10     See for example Easy Energy Ltd v Jump NZ Ltd HC Wellington CIV-2010-485-2294, 1 July 2011.

11     Grant v NZMC Ltd [1989] 1 NZLR 3 at 12-13.

Affin’s claims not Mr Nicolau’s responsibility

[41]     For completeness, I address one final issue. Gangnam contends that any claim in debt that Affin might have is now the responsibility of Affin’s liquidators and receivers. And it will be their decision whether any steps are taken on behalf of Affin against Mr Patel to recover the alleged debt.   So, Gangnam suggests, Mr Nicalau cannot rely on a debt owed to the company as a defence to his liability as guarantor.

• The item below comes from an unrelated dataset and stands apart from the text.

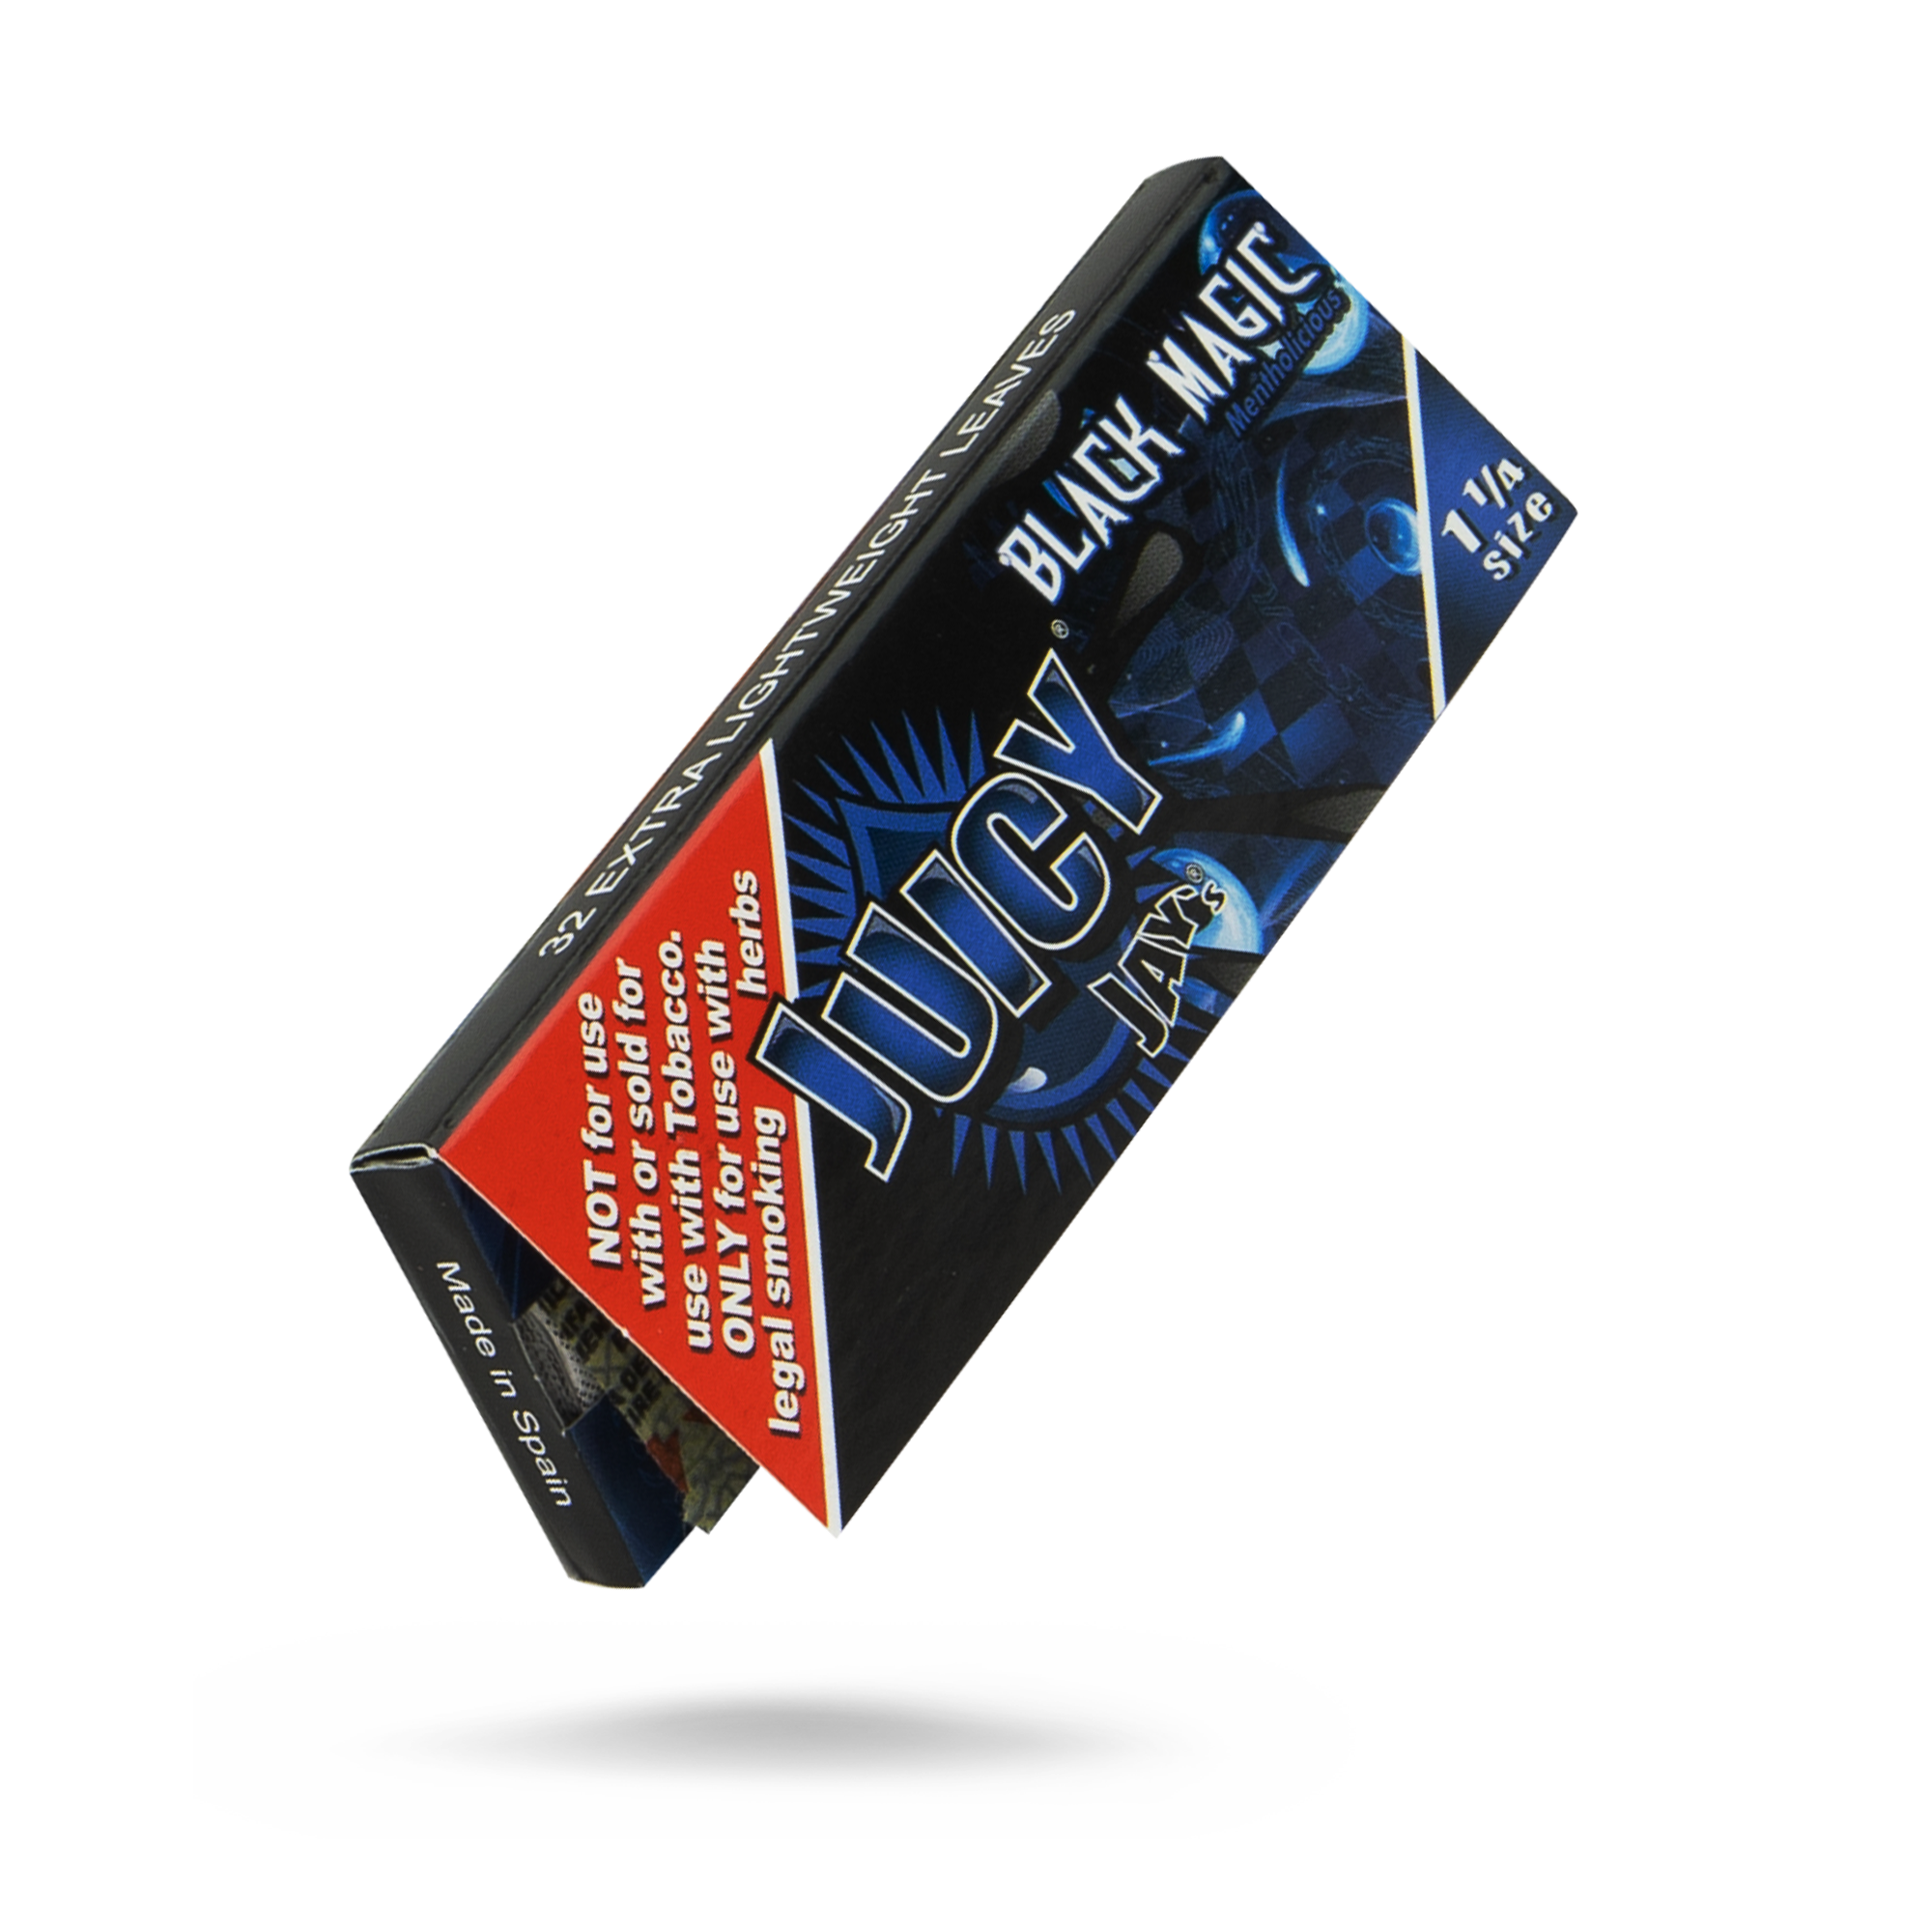 Buy Juicy Jays 1 1/4 Black Magic Flavored Hemp Rolling Papers 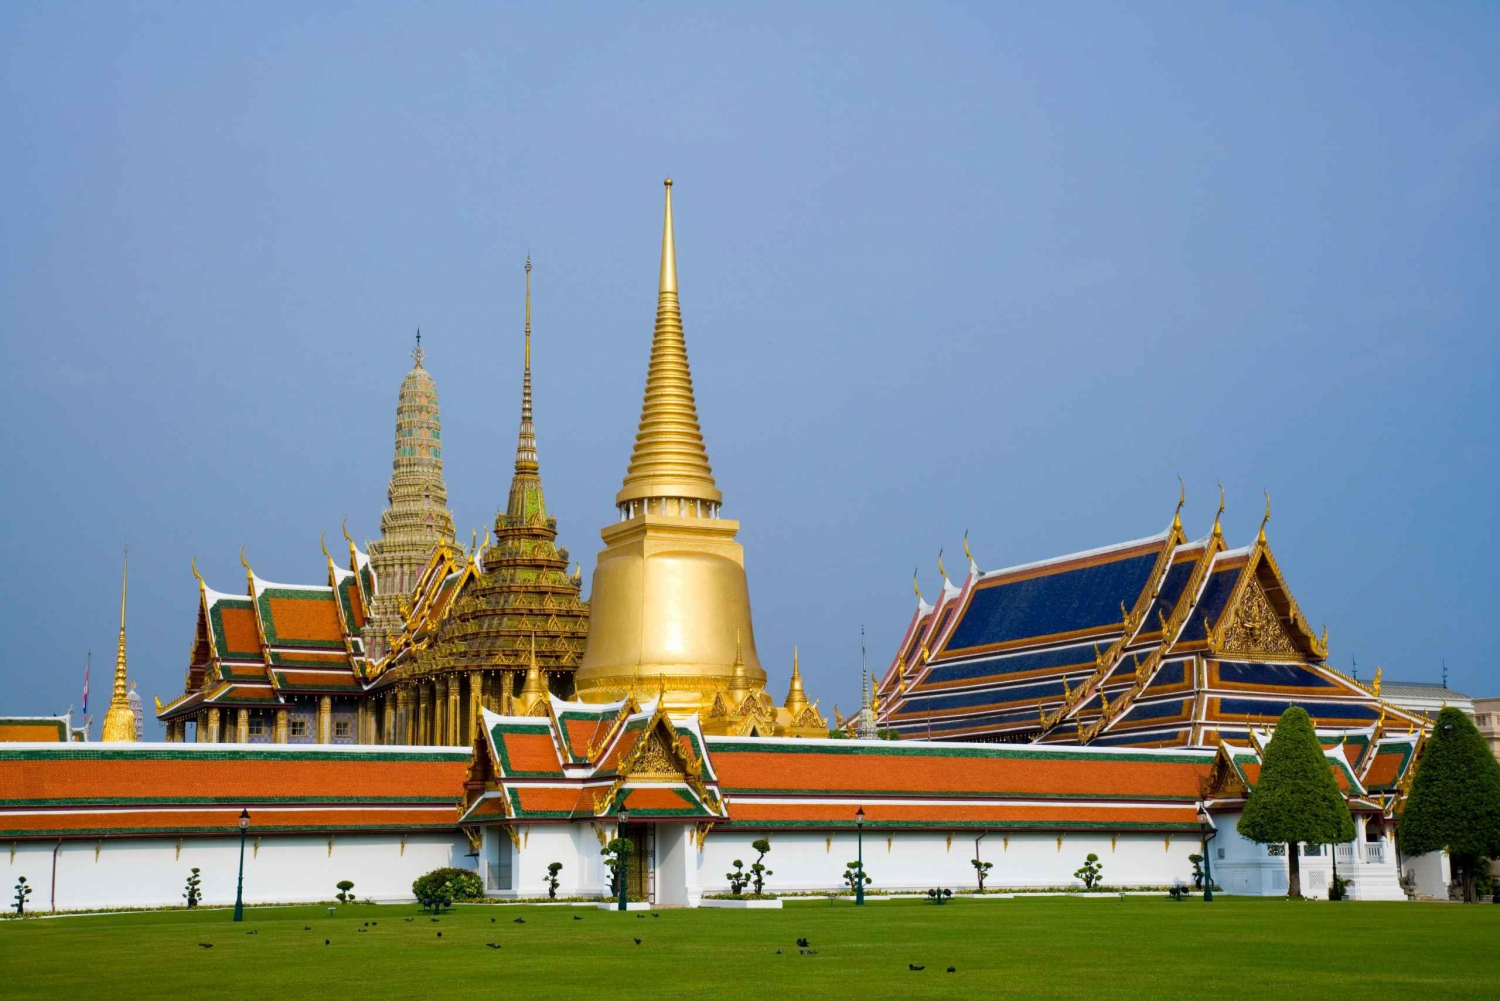 Bangkok: Wielki Pałac, Wat Arun i wycieczka do Nowego Wielkiego Buddy

[42]     Yet Mr Nicolau is not seeking to sue Mr Patel based on uncompensated renovation work; he is merely raising it as a possible defence.  Arguably there is no bar to Mr Nicolau doing so. It may be that he will need the liquidators’ permission to pursue the matter further at trial.  However, if the cross-claim is indeed meritorious, I consider it reasonably arguable such permission would be granted by the court if not the liquidators given the immensity of the amounts at issue in the cross-claim.

Result

[43]     Gangnam’s application for summary judgment is declined.

[44]     Costs are reserved in  accordance with the Court of Appeal’s  decision in

NZI Bank Ltd v Philpott.12

[45]     The Registrar is asked to allocate an initial case management conference.